Exemplary systems and methods disclosed herein can be implemented via a variety of ophthalmic devices or solutions. For example, treatment techniques may be used for any of a variety of surgery modalities, including excimer laser surgery, femtosecond surgery, and the like. A variety of forms of lasers and laser energy can be used to effect a correction or treatment, including infrared lasers, ultraviolet lasers, femtosecond lasers, wavelength multiplied solid-state lasers, and the like. By way of non-limiting example, ophthalmic corrections can involve a cornea or lens reshaping procedure, such as, for example using a picosecond or femtosecond laser. Laser ablation procedures can remove a targeted amount stroma of a cornea to change a cornea's contour and adjust for aberrations. In some cases, a treatment protocol can involve the delivery of a series of discrete pulses of laser light energy, with a total shape and amount of tissue removed being determined by a shape, size, location, and/or number of laser energy pulses impinging on or focused within a cornea. In some cases, a surgical laser, such as a non-ultraviolet, ultra-short pulsed laser that emits radiation with pulse durations as short as nanoseconds and femtoseconds (e.g., a femtosecond laser, or a picosecond laser) can be used to treat the eye of a patient. Other pulse widths may be suitable as well. The laser systems can be configured to deliver near infrared light. Other wavelengths may be used as well. The laser systems can be configured to deliver laser light focused at a focus depth (e.g. within corneal or other ophthalmologic tissue) which may be controlled by the system. Laser surgery with ultra-short pulse lasers such as femtosecond lasers can be used to treat the eye. These pulsed lasers can make very accurate incisions of the eye and can be used in many ways to treat the eye. Additional types of incisions that can be performed with the short pulse lasers include incisions for paracentesis, limbal relaxing incisions, and refractive incisions to shape the cornea, for example.

In some cases, vision treatments can include focusing femtosecond laser energy within the stroma so as to ablate a volume of intrastromal tissue. By scanning the focal spot within an appropriate volume of the stromal tissue, it is possible to vaporize the volume so as to achieve a desired refractive alteration. Hence, embodiments of the present invention encompass laser surgical techniques that involve femtosecond laser photodisruption or photoalteration treatments. In some cases, a femtosecond laser can be used to perform the photodisruption, thus providing an easy, precise, and effective approach to refractive surgery

According to some embodiments, a femtosecond laser (or other laser) of the optical system can be used to incise the cornea or to cut a flap. A femtosecond laser may be used to make arcuate or other incisions in the cornea, which incisions may be customized, intrastromal, stable, predictable, and the like. Likewise, corneal entry incisions may be made, which are custom, multi-plane, and self-sealing.

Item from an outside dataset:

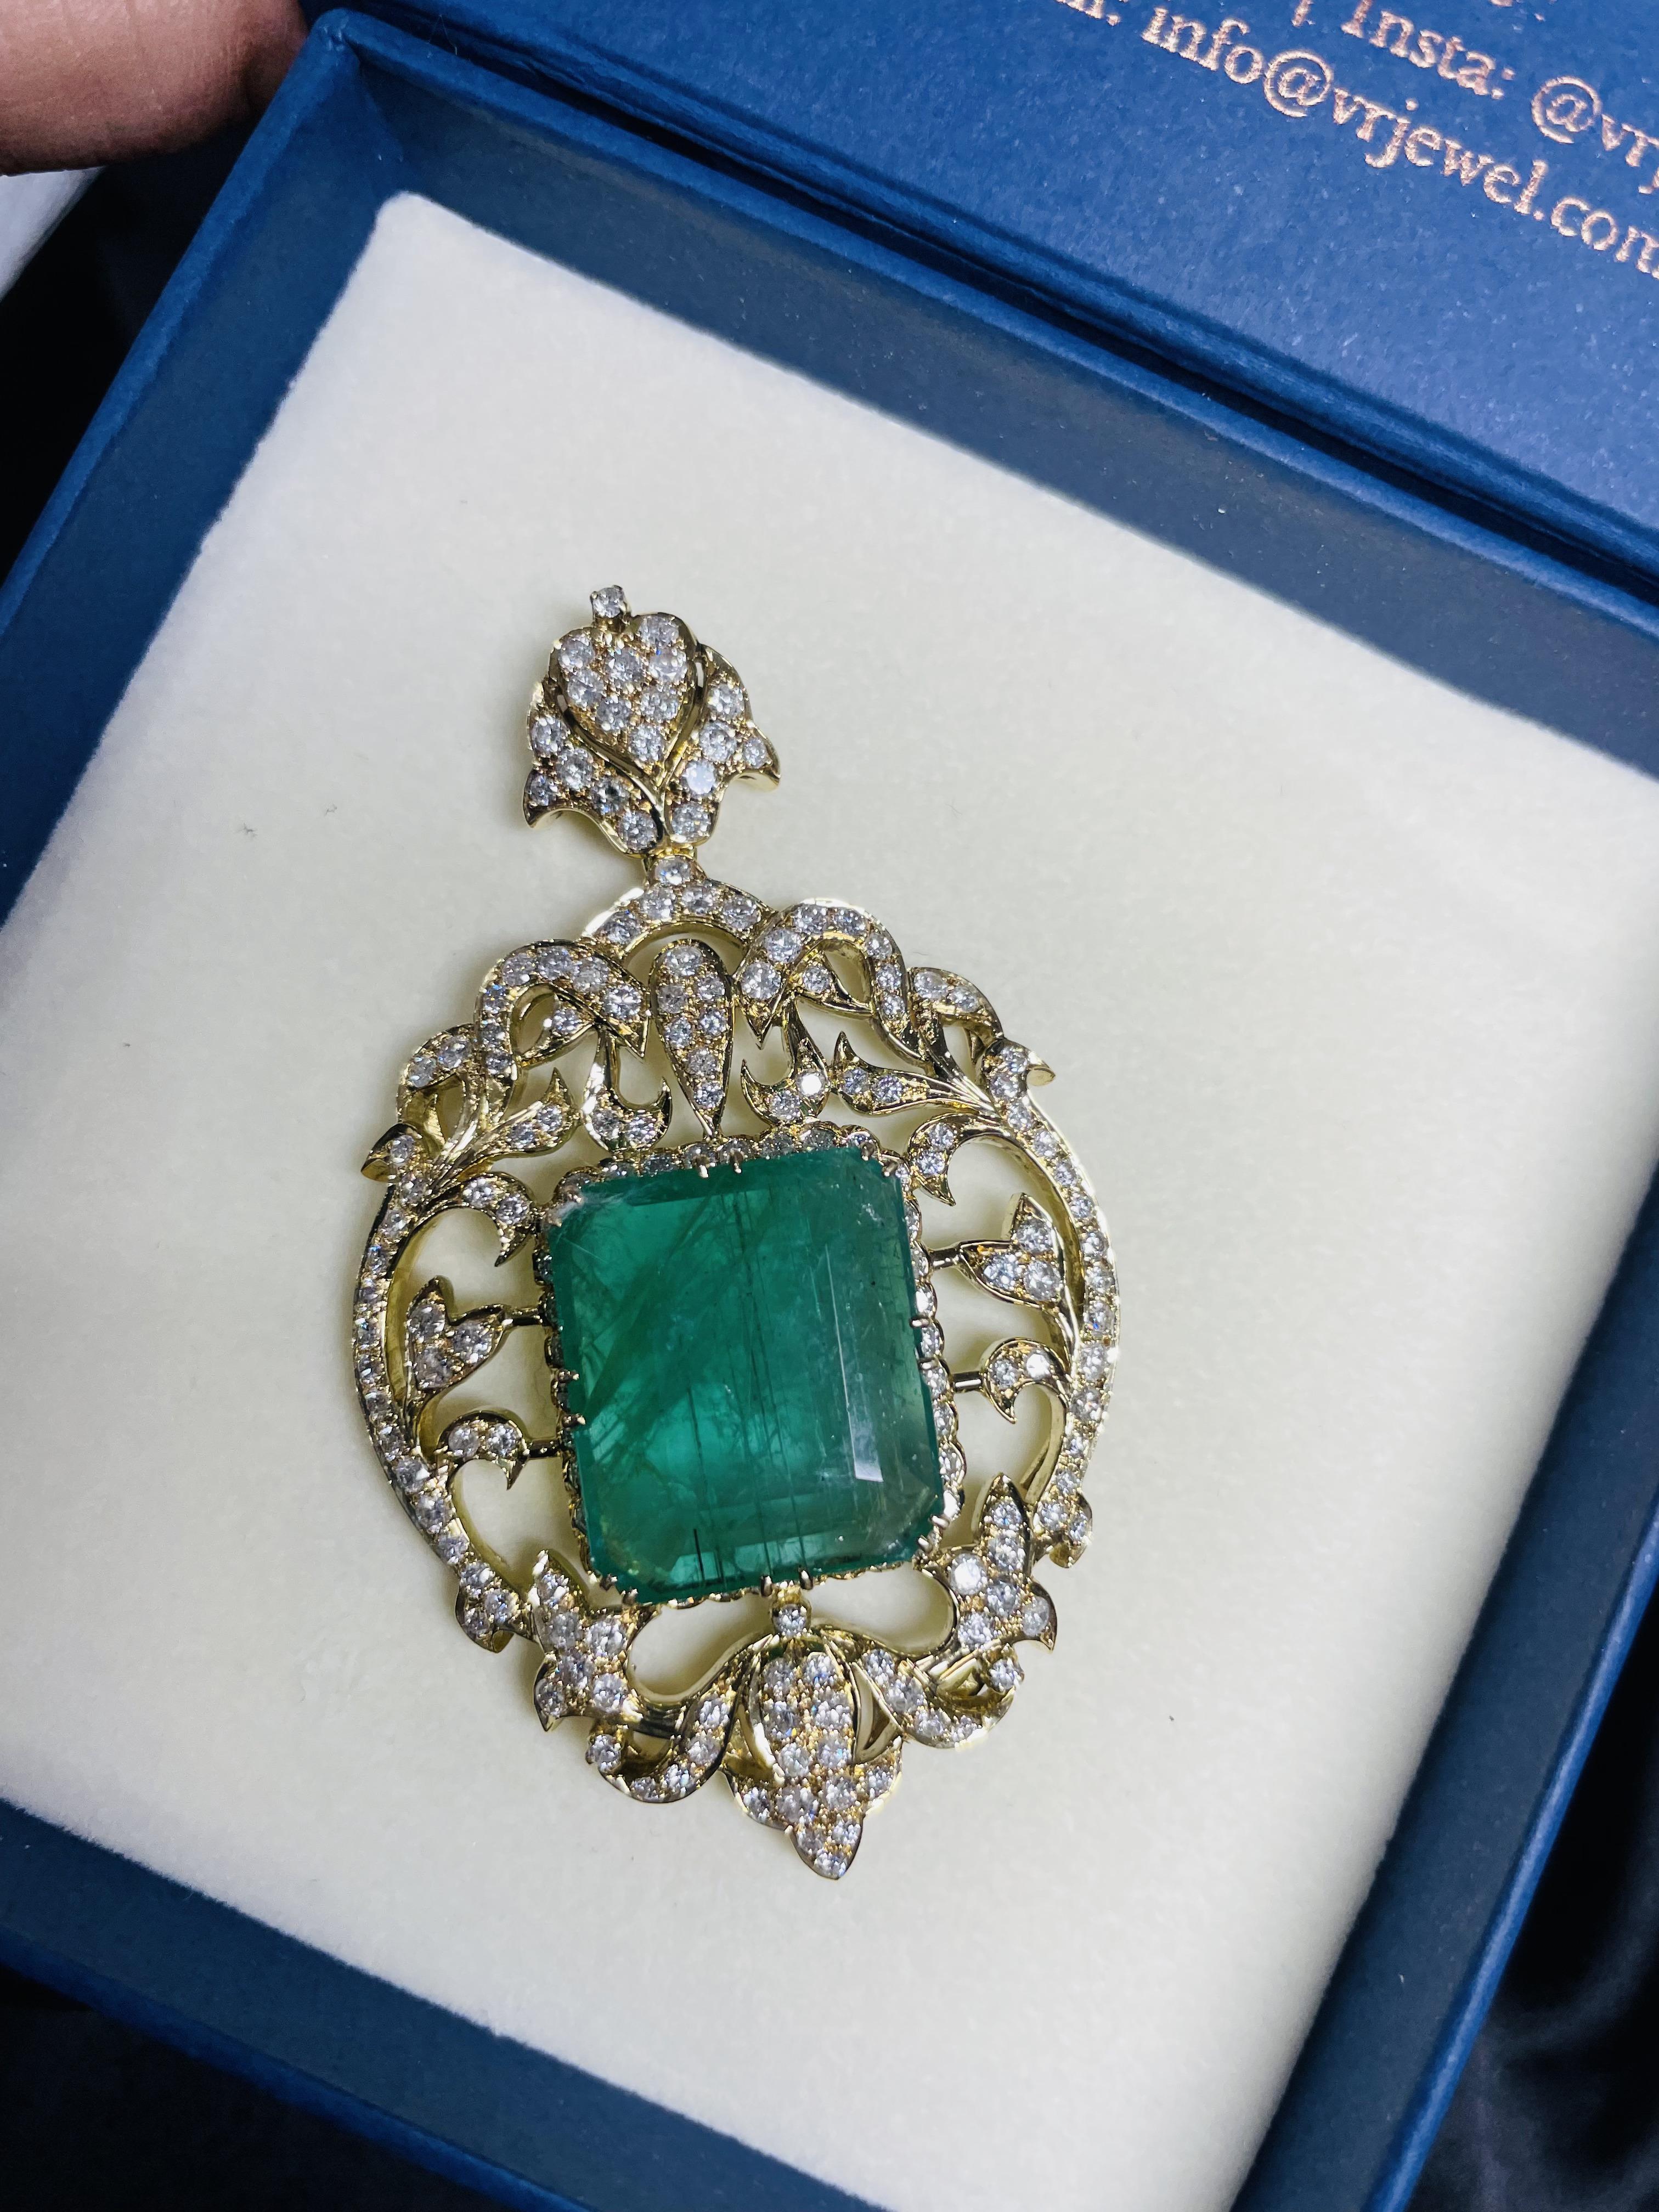 Emerald pendant in 18K Gold. It has a octagon cut emerald studded with diamonds that completes your look with a decent touch. Pendants are used to wear or gifted to represent love and promises. It's an attractive jewelry piece that goes with every

Pulsed laser beams include bursts or pulses of light. Pulsed lasers, such as non-ultraviolet, ultra-short pulsed lasers with pulse durations measured in the nanoseconds to femtoseconds range, can be used in ophthalmic surgical procedures as disclosed herein. For example, a pulsed laser beam can be focused onto a desired area of ophthalmologic material or tissue, such as the cornea, the capsular bag, or the lens of the eye, to photoalter the material in this area and, in some instances, the associated peripheral area. Examples of photoalteration of the material include, but are not necessarily limited to, chemical and physical alterations, chemical and physical breakdown, disintegration, ablation, photodisruption, vaporization, a the like. Exemplary treatment systems can include a focusing mechanism (e.g. lens) and/or a scanning mechanism so as to guide or direct a focus of femtosecond energy along a path within the patient's eye (e.g. at one or more corneal subsurface locations).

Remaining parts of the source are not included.